XXV domenica del tempo ordinario – anno C

Am 8, 4-7; Sal 112; 1Tm 2, 1-8; Lc 16, 1-13

INTRODUZIONE ALLE LETTURE
Cosa ne sto facendo della mia vita? Cosa ne sto facendo delle grazie ricevuta da Dio nel corso della mi storia personale? In che modo sto facendo fruttificare i talenti che il Signore mi ha dato in dotazione perché io sia felice e mi faccia santo? Sono davvero sicuro che conosco la volontà di Dio? la cerco, provo a realizzarla nella mia vita? E come?
Sono tutti interrogativi che oggi la liturgia della parola intende far emergere nel nostro spirito, come una sorta di revisione di vita per poi riprendere con animo rinnovato il nostro cammino cristiano.

Mantenere attivo un blog, comporta delle spese, purtroppo non è gratuito. Sostieni gioiacondivisa.com e la divulgazione della gioia della Parola di Dio. Farlo è semplice: basta una piccola donazione cliccando qui, o sul bottoncino a sinistra. Sii estensione di quella Provvidenza di cui abbiamo bisogno per continuare.

Prima lettura
Dal libro del profeta Amos (Am 8,4-7)

Il Signore mi disse:
«Ascoltate questo,
voi che calpestate il povero
e sterminate gli umili del paese,
voi che dite: “Quando sarà passato il novilunio
e si potrà vendere il grano?
E il sabato, perché si possa smerciare il frumento,
diminuendo l’efa e aumentando il siclo
e usando bilance false,
per comprare con denaro gli indigenti
e il povero per un paio di sandali?
Venderemo anche lo scarto del grano”».
Il Signore lo giura per il vanto di Giacobbe:
«Certo, non dimenticherò mai tutte le loro opere».

Giustizia sociale e quella divina: un binomio inscindibile
Il profeta Amos, guarda il mondo e la sua epoca, con lo sguardo di Dio e a quest’ultimo presta la voce quando si rende conto delle gravi ingiustizie del suo tempo: la speculazione dei commercianti sui poveri cittadini. Per quanti essi possano essere scaltri nei calcoli e nei guadagni facili, non potranno mai fuggire dall’occhio vigile di YHWH che si prende cura dell’oppresso, di colui che viene sfruttato dal mercato e dalla finanza.
C’è una giustizia sociale di cui il Signore si fa carico, e colui che sarà ritenuto ingiusto nelle sue relazioni, speculando sul prossimo, verrà ritenuto tale anche da Dio.

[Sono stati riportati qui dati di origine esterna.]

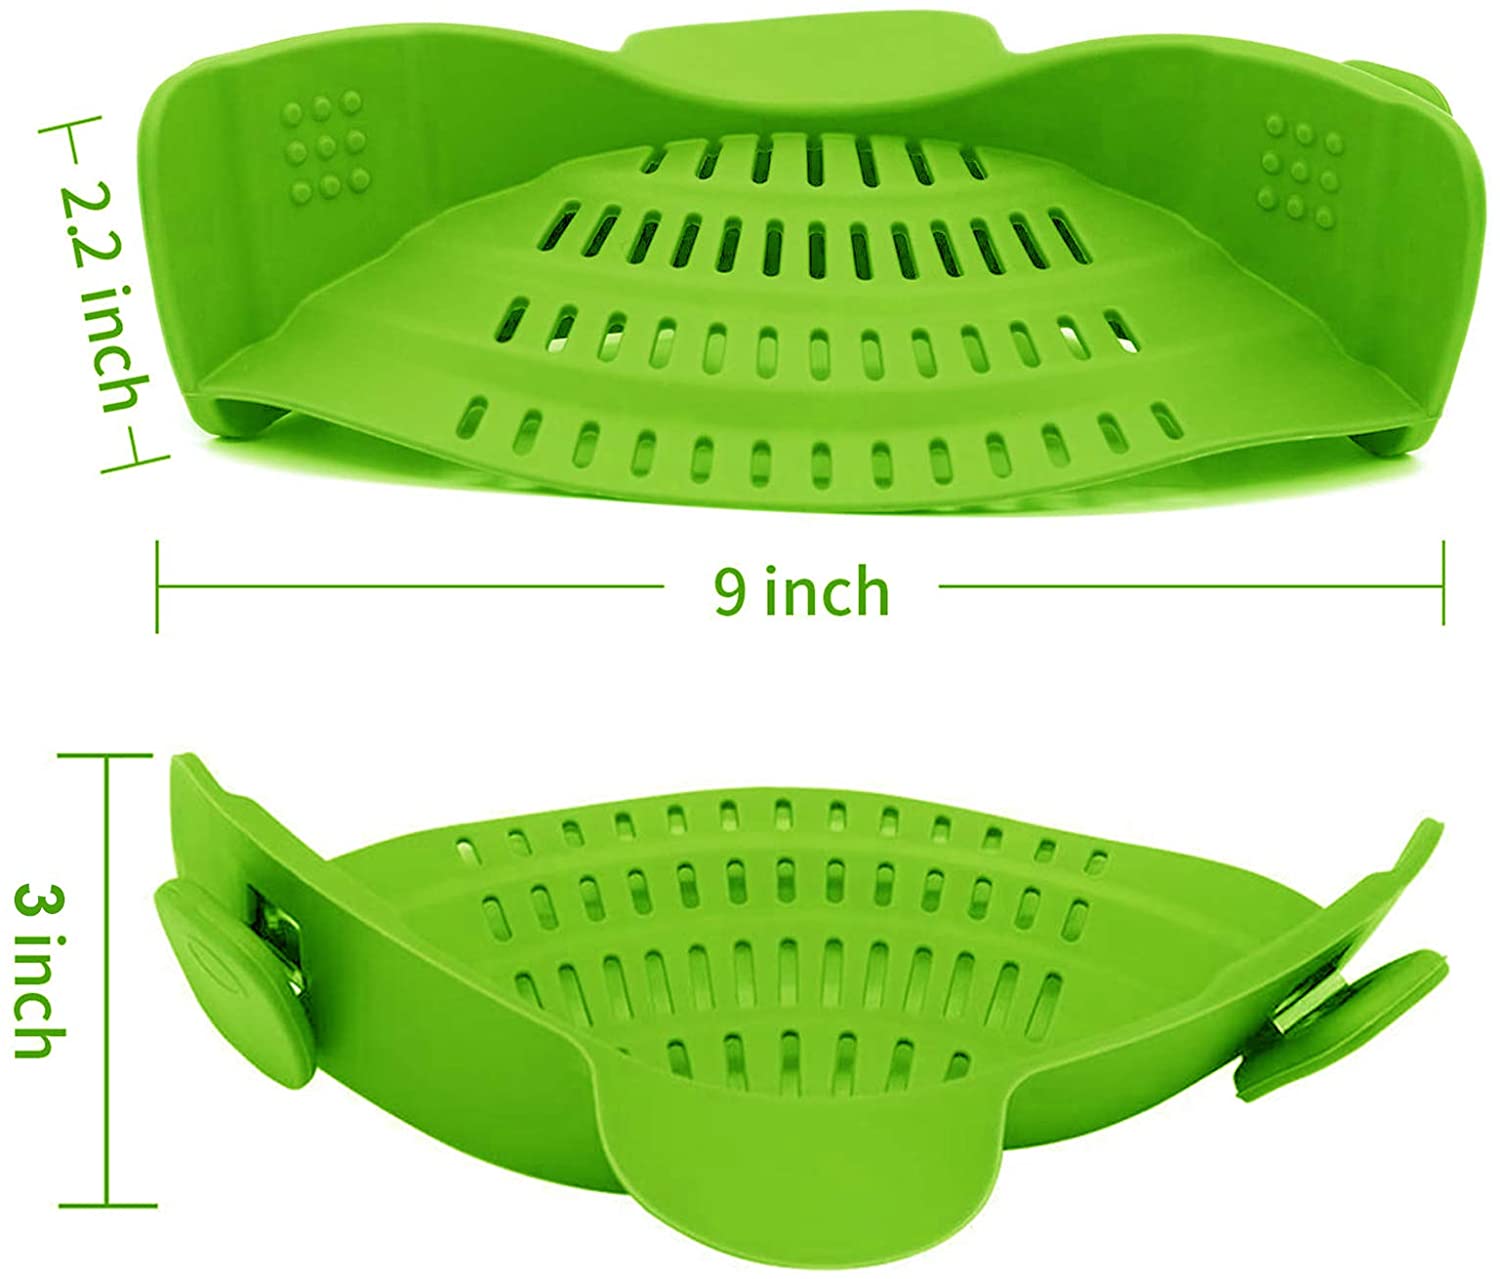 VICVEO Silicone Clip on Strainer, Patented Clip on Silicone Colander, Clip-on Kitchen Food Strainer for Pasta,Fits Almost Pots (Green) - image 5 of 8

Ci troviamo di fronte a una parola forte che è particolarmente attuale in questo tempo di guerra e di crisi economica ed energetica che stiamo vivendo. Sulla pelle di tanti consumatori oppressi da sovrattasse e rincari di ogni genere, c’è un mondo finanziario, di imprese multinazionali, e talvolta anche statali, che si arricchisce speculando sui costi. Così mentre ai poveri viene imposto di stringere la cinghia, c’è invece chi se l’allarga perché alla fine il suo stipendio se non aumenta resta comunque piuttosto sostanzioso.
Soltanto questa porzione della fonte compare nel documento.